AIM OF THE EXERCISE: All of the lines below are to be transcribed faithfully, with pictures excluded from the copy.

RAW DATA:
===

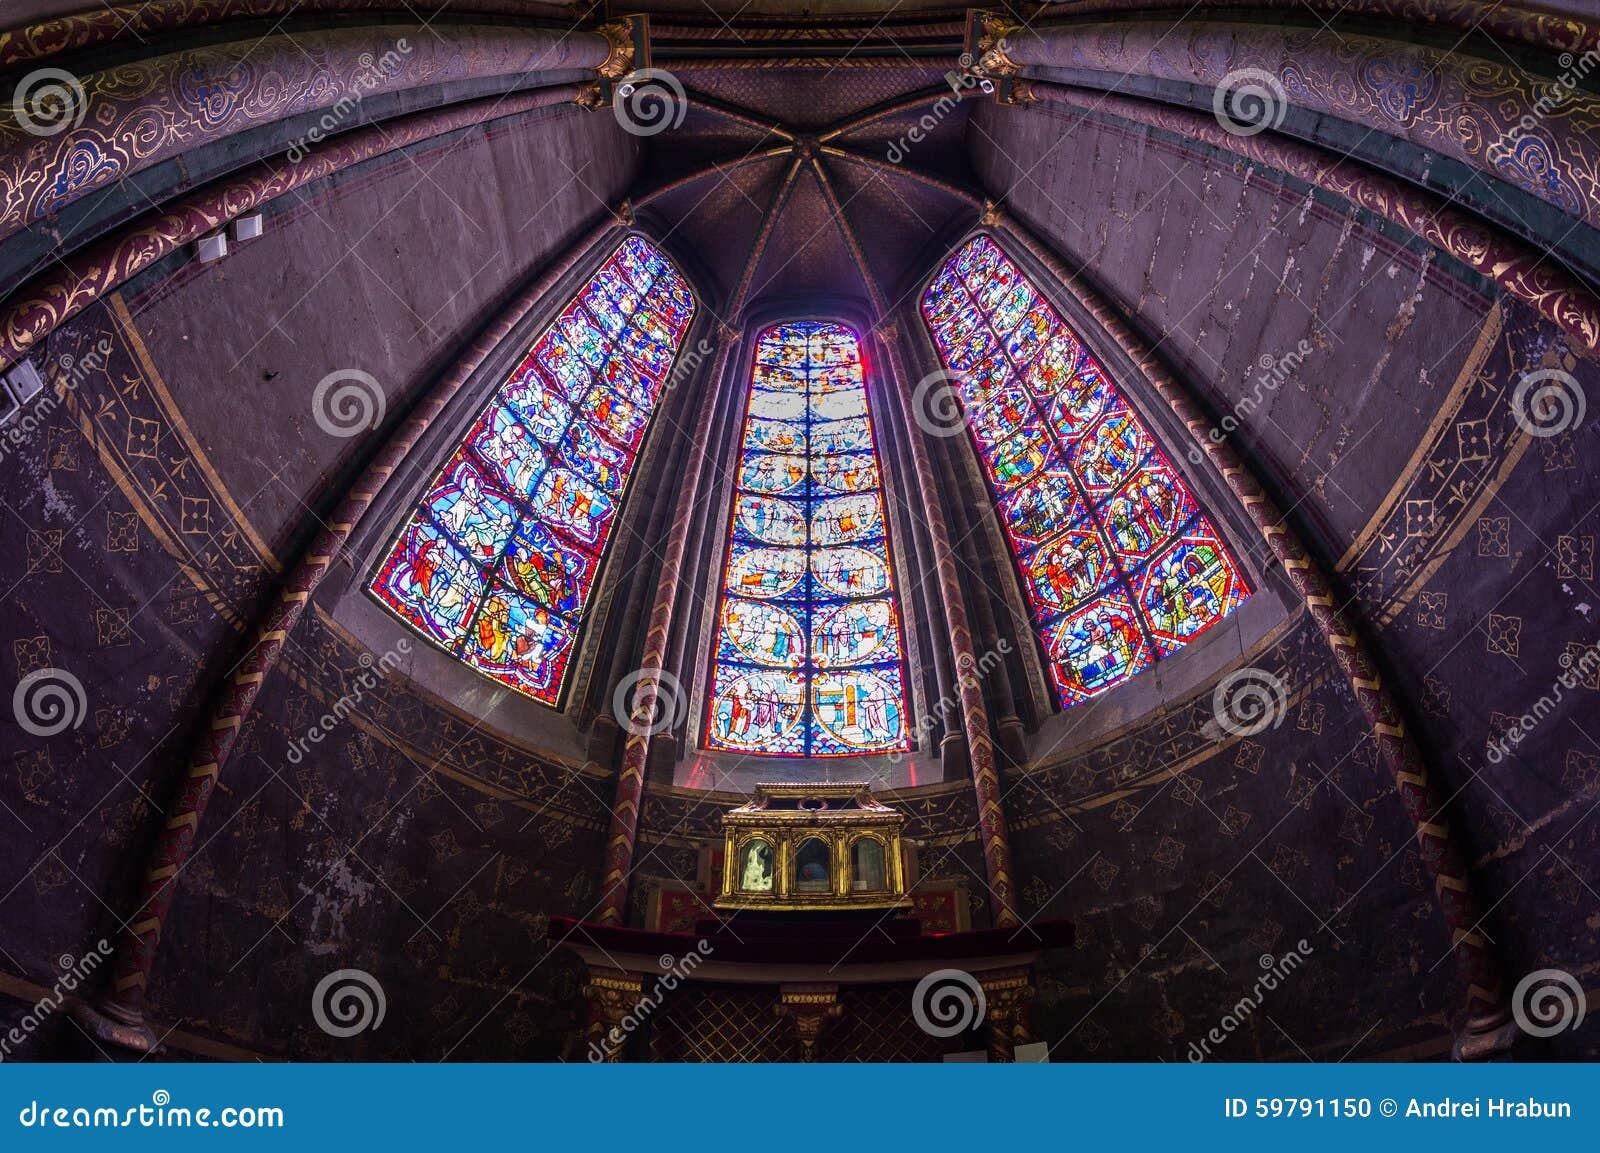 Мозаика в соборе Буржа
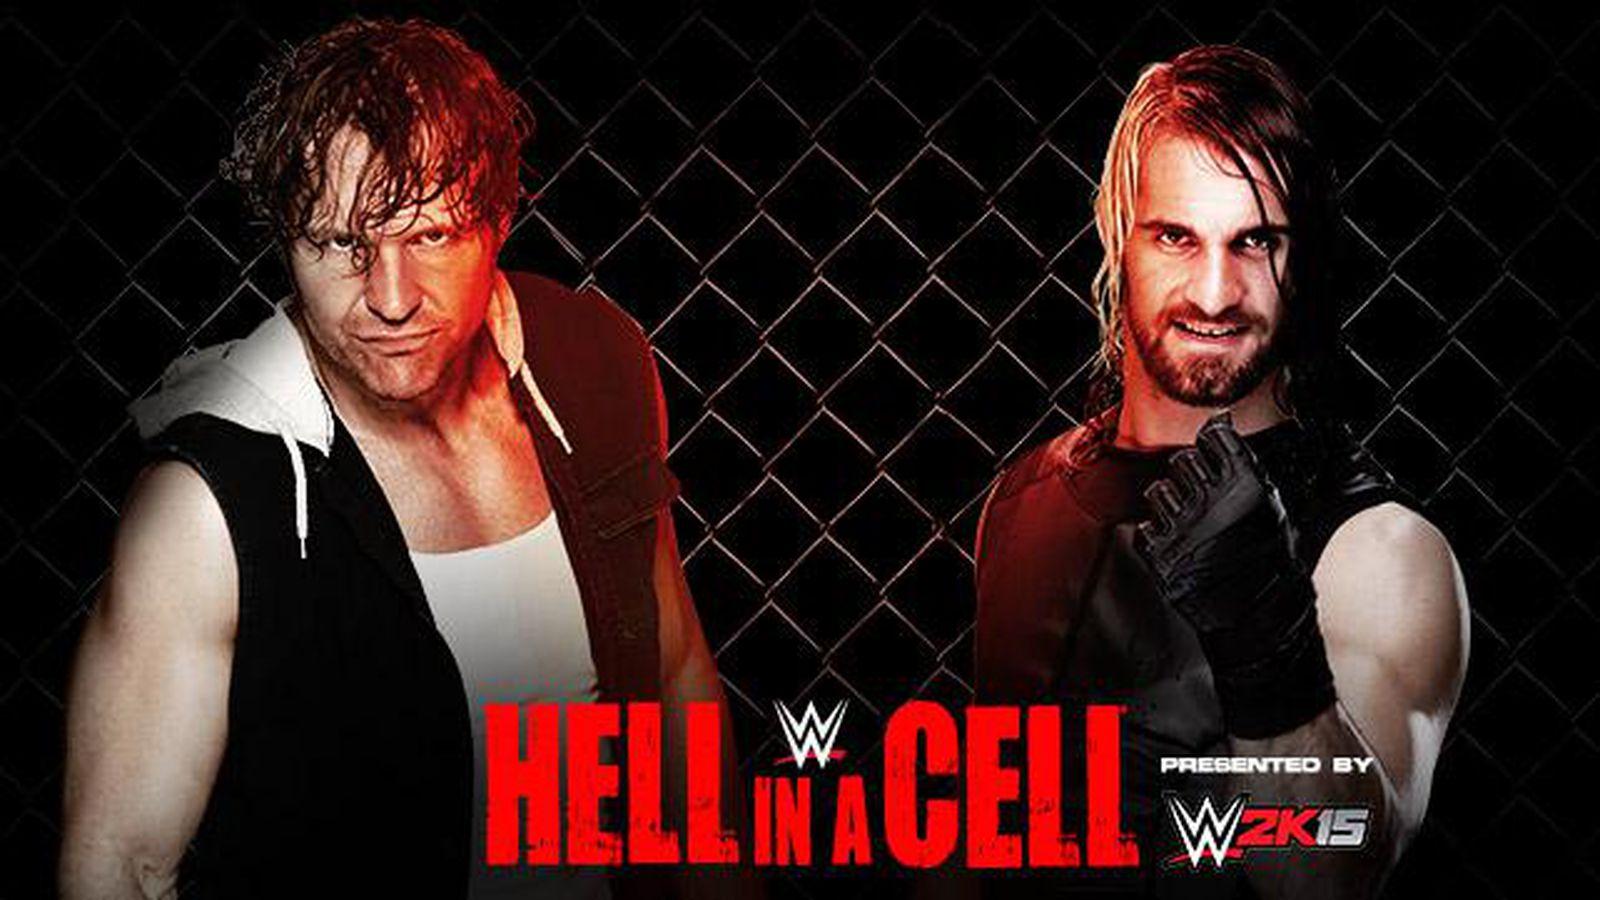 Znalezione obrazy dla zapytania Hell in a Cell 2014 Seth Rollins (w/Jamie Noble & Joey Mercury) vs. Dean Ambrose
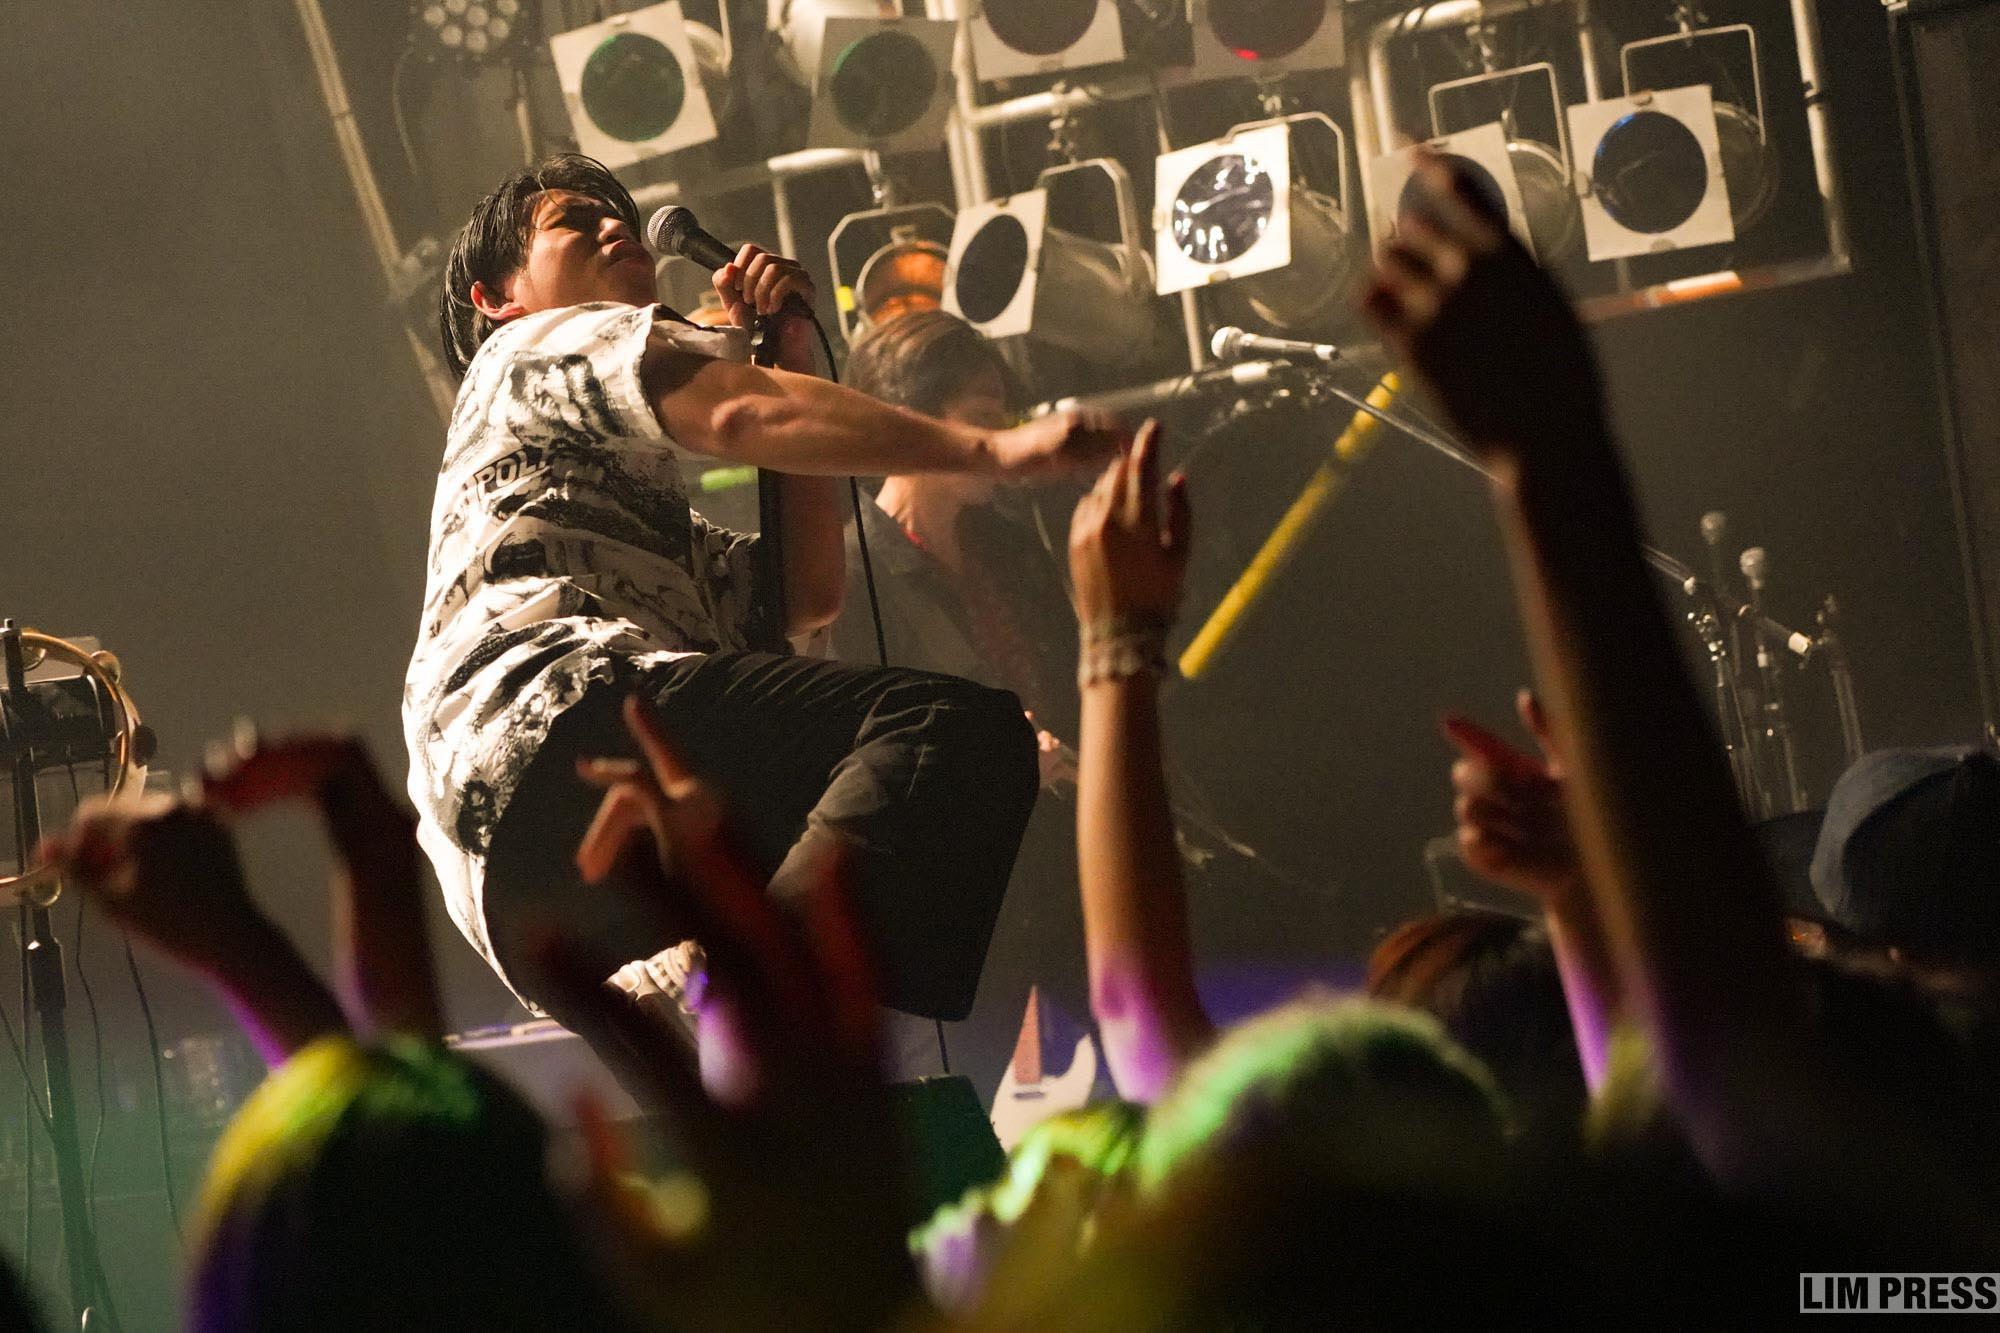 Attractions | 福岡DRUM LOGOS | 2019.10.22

===

ANSWER SPACE:
 Мозаика в соборе Буржа
 Znalezione obrazy dla zapytania Hell in a Cell 2014 Seth Rollins (w/Jamie Noble & Joey Mercury) vs. Dean Ambrose
 Attractions | 福岡DRUM LOGOS | 2019.10.22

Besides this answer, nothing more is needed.